→ What to do
Only the pictures are to be dropped, and the rest of the data should be copied exactly.

→ Dataset content
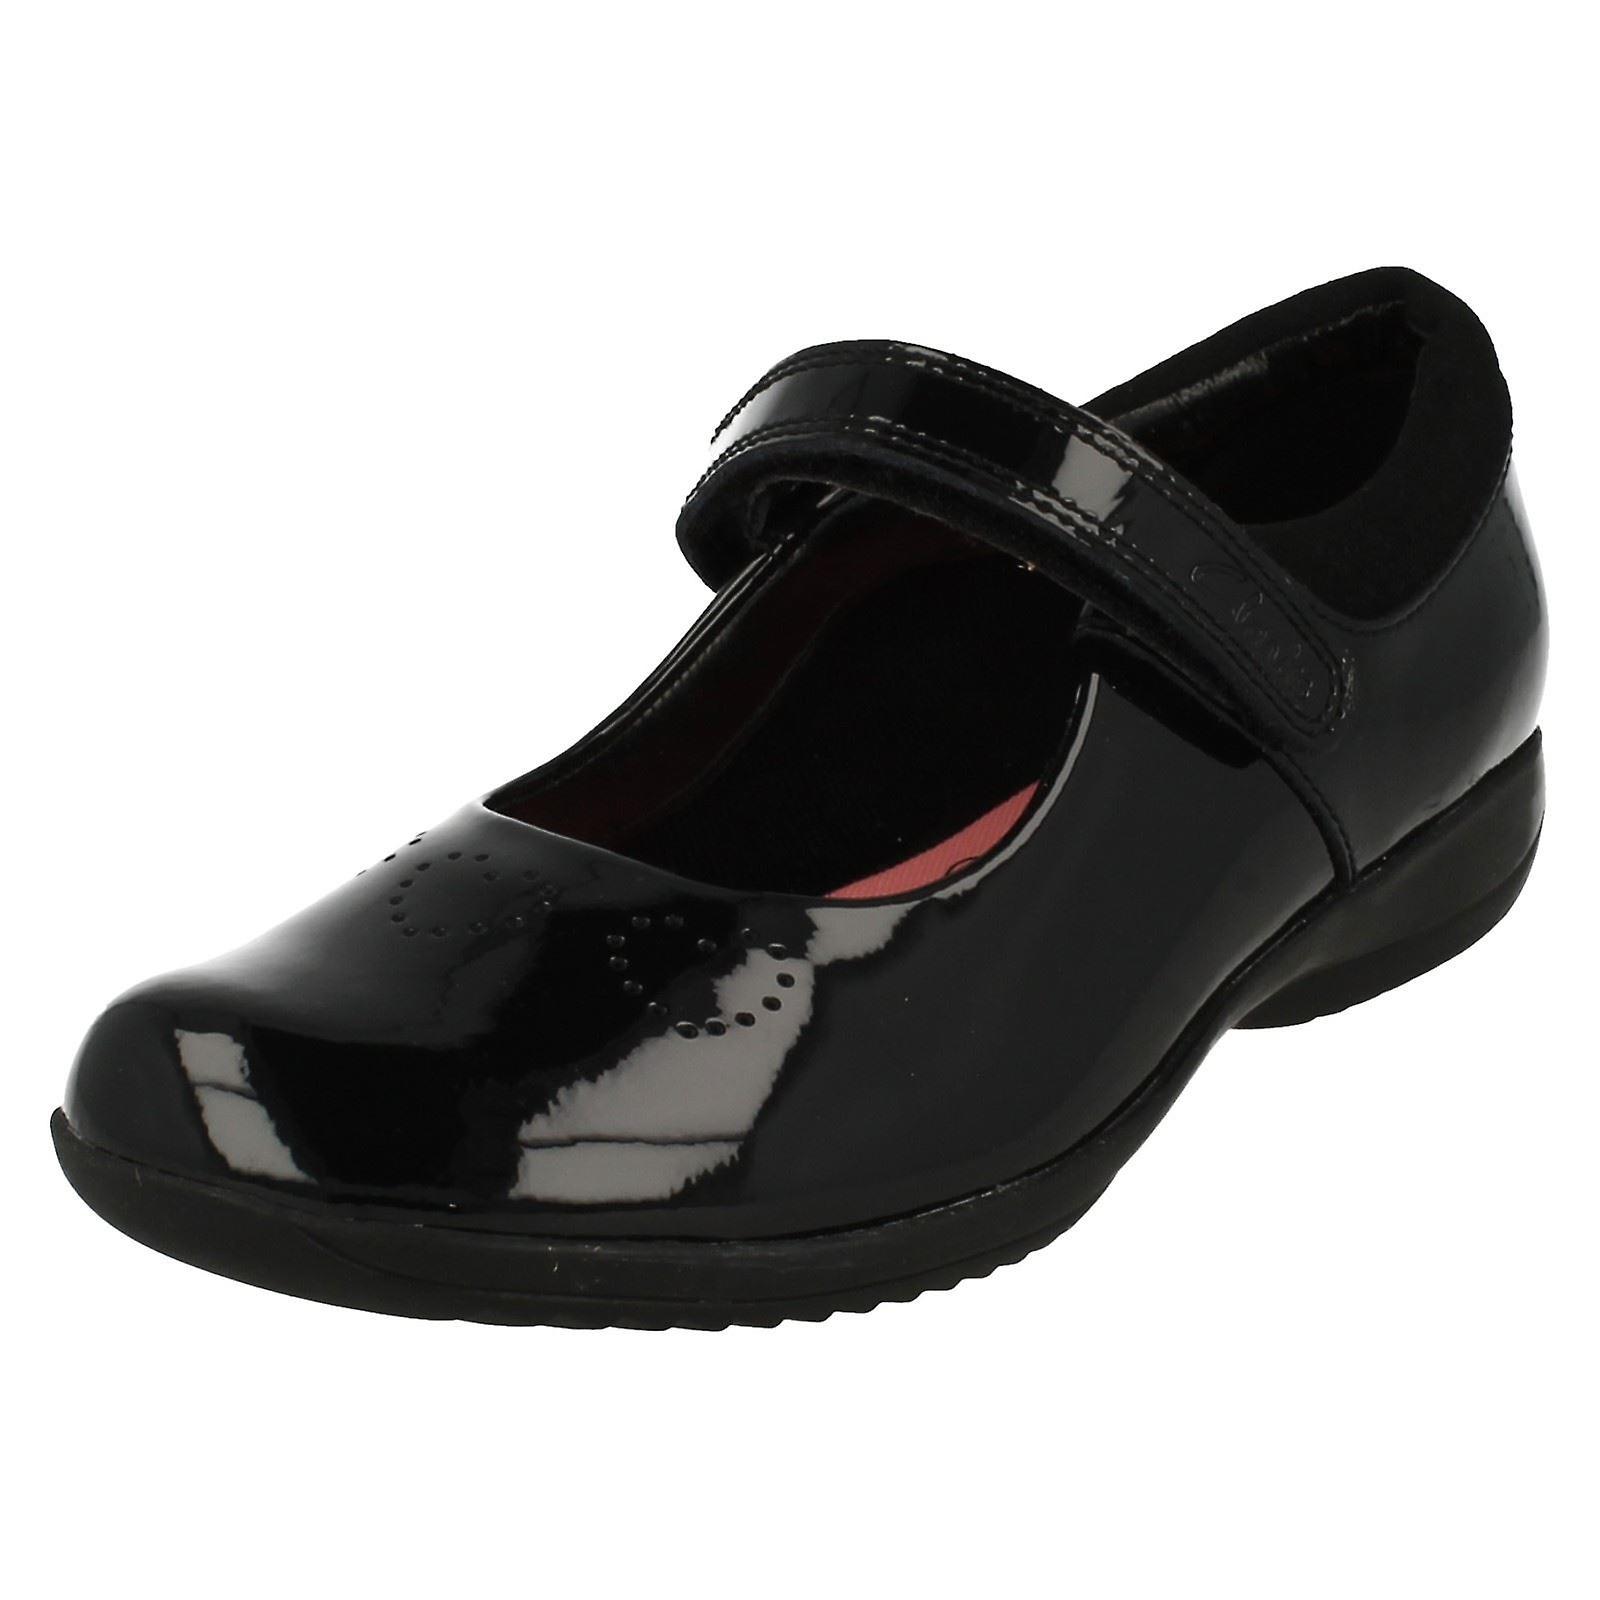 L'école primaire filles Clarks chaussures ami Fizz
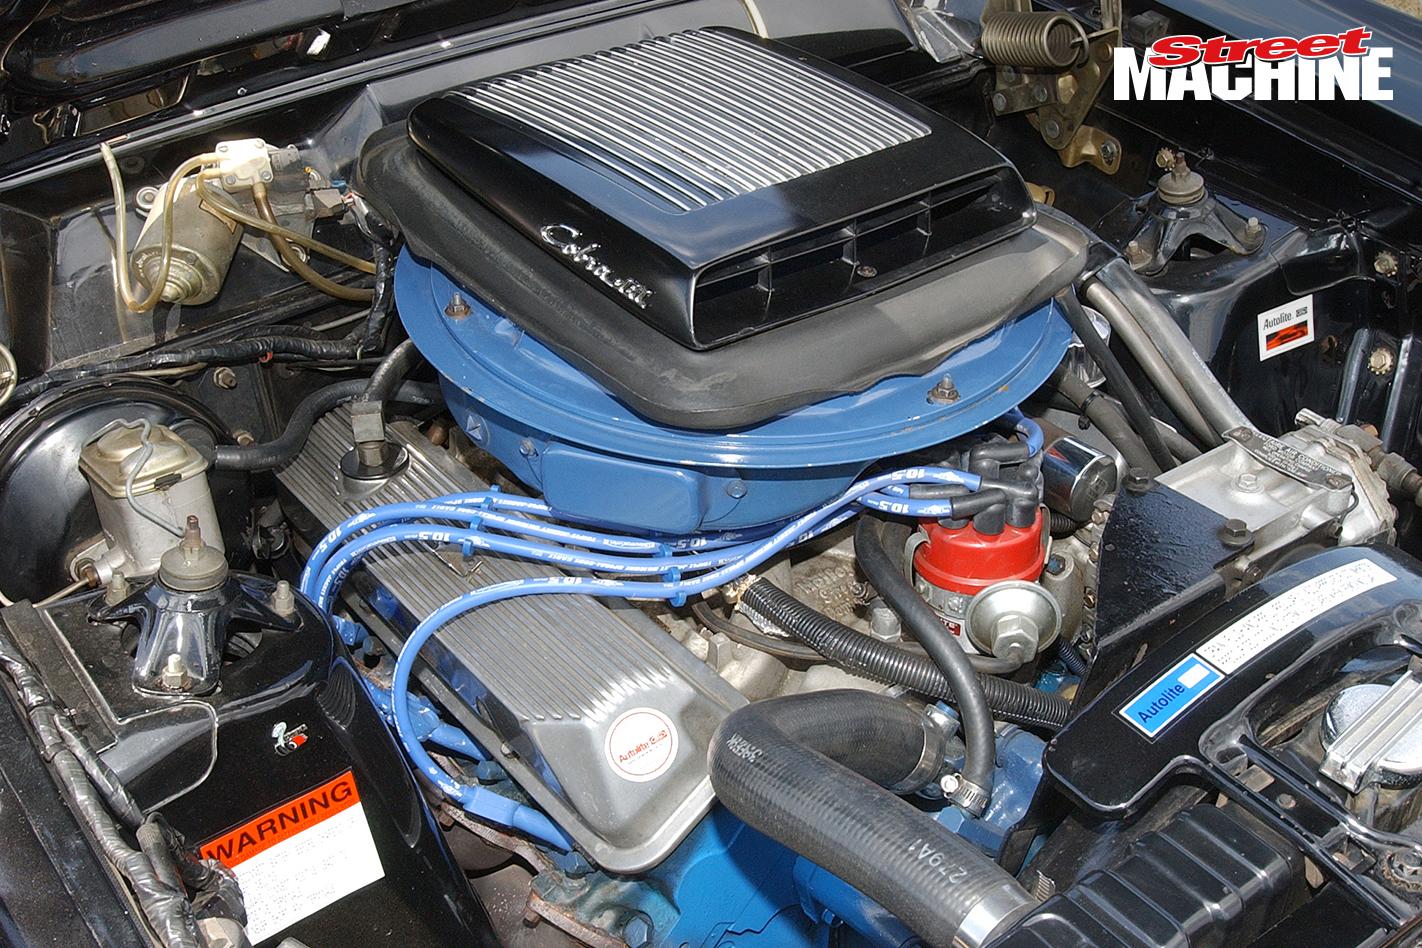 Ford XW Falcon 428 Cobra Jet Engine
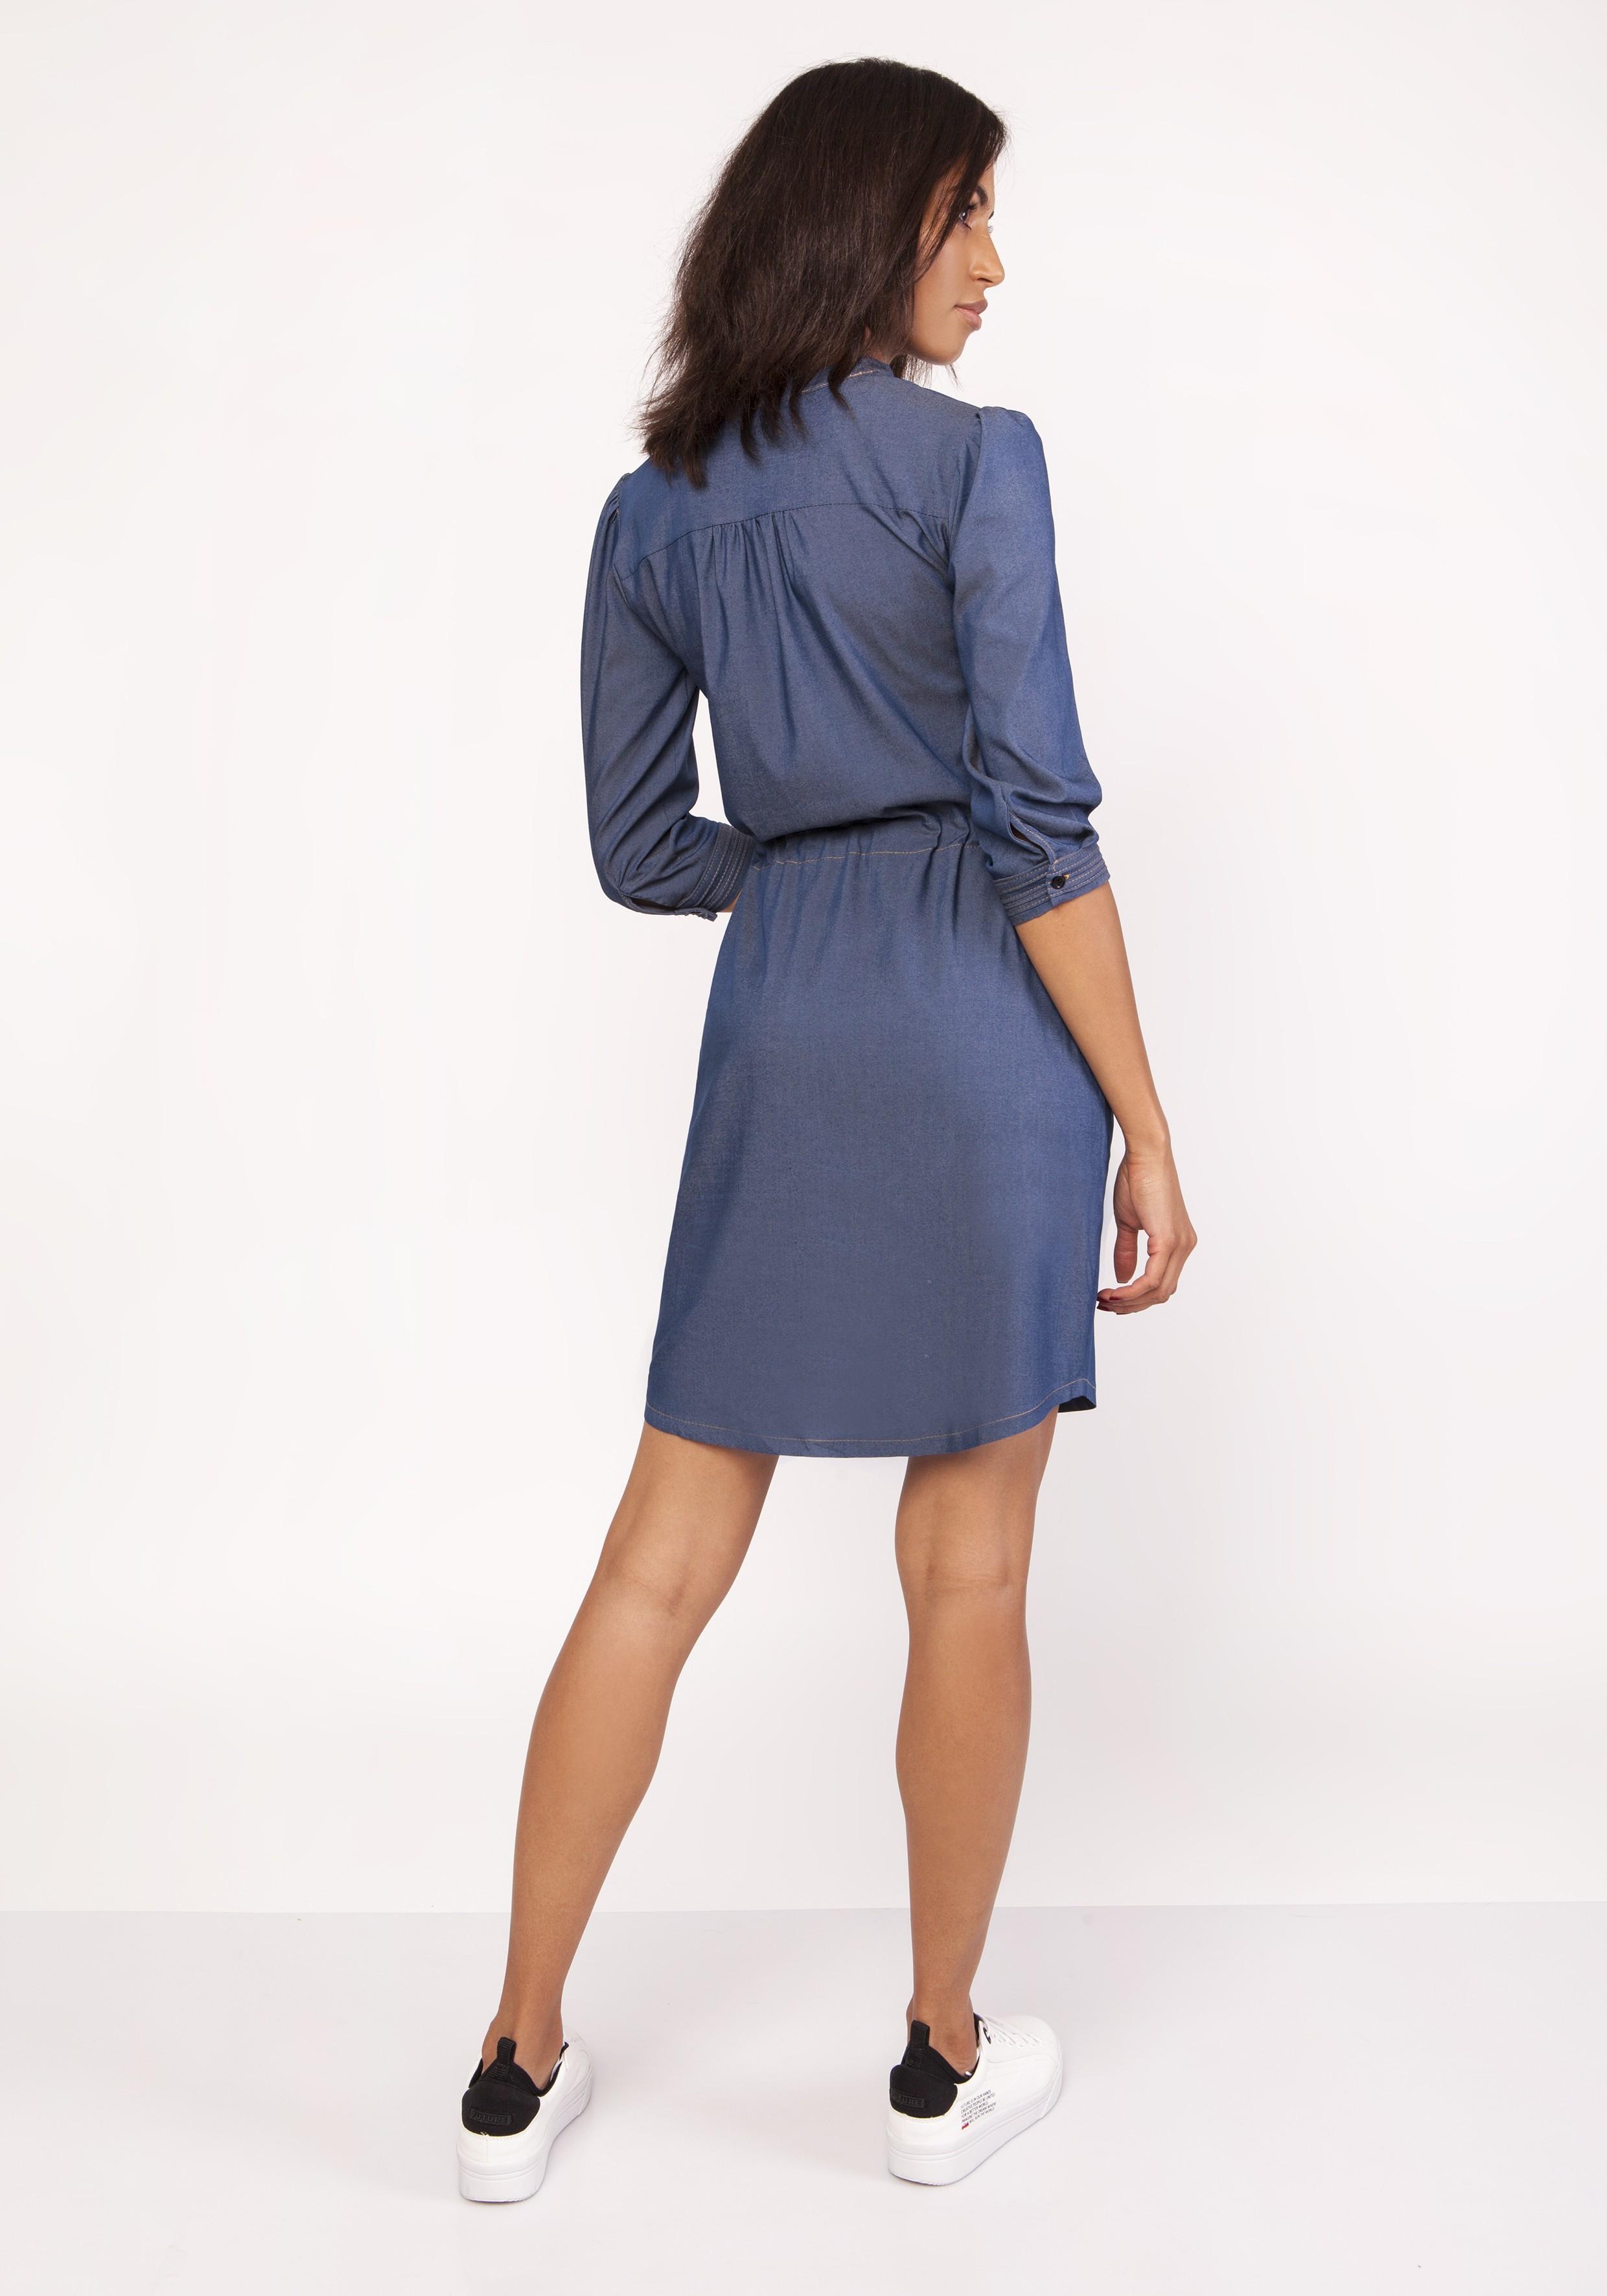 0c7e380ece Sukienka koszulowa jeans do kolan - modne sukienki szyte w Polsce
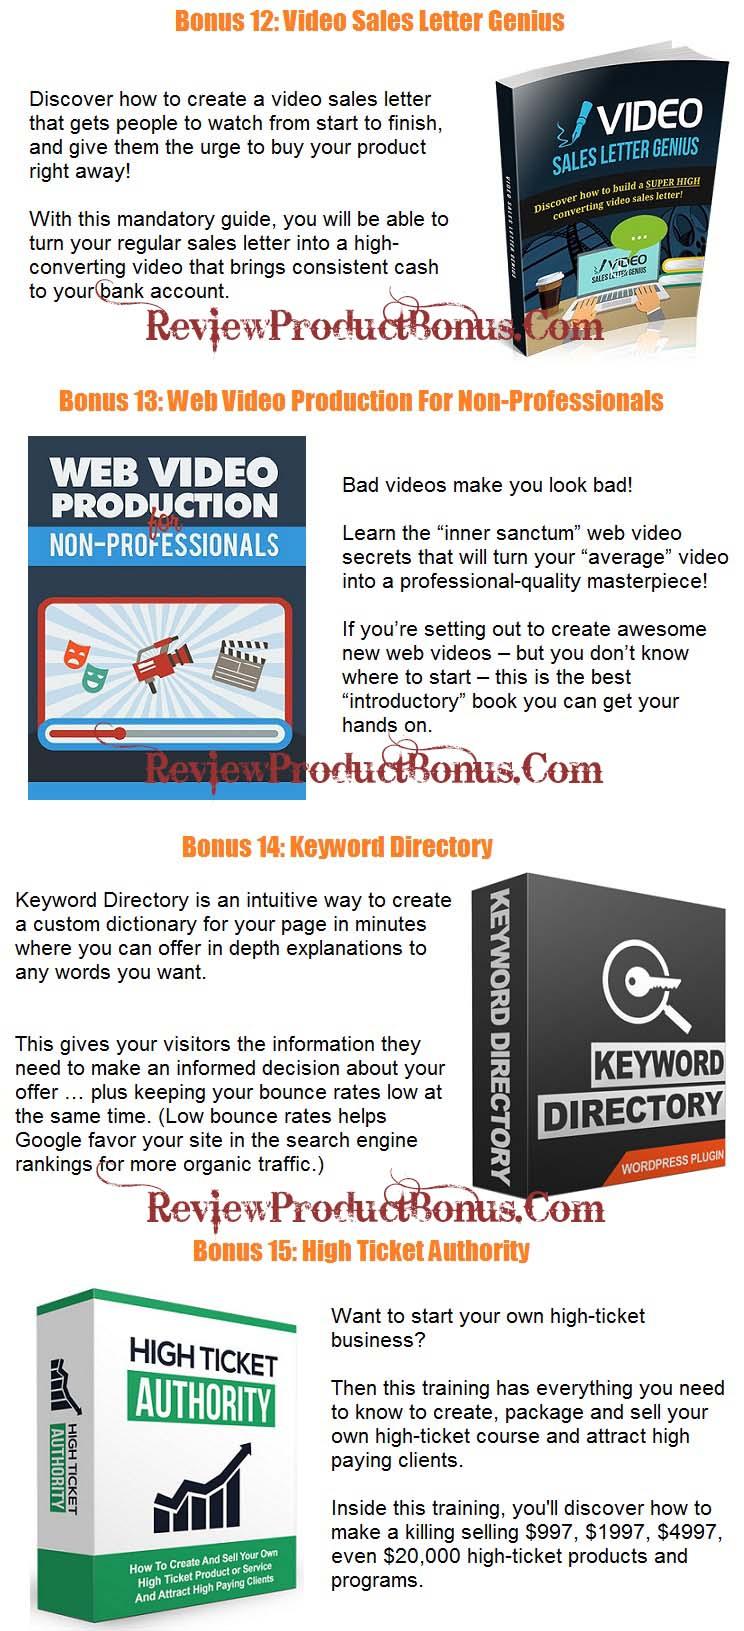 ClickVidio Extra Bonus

→ Response to the exercise
 L'école primaire filles Clarks chaussures ami Fizz
 Ford XW Falcon 428 Cobra Jet Engine
 0c7e380ece Sukienka koszulowa jeans do kolan - modne sukienki szyte w Polsce
 ClickVidio Extra Bonus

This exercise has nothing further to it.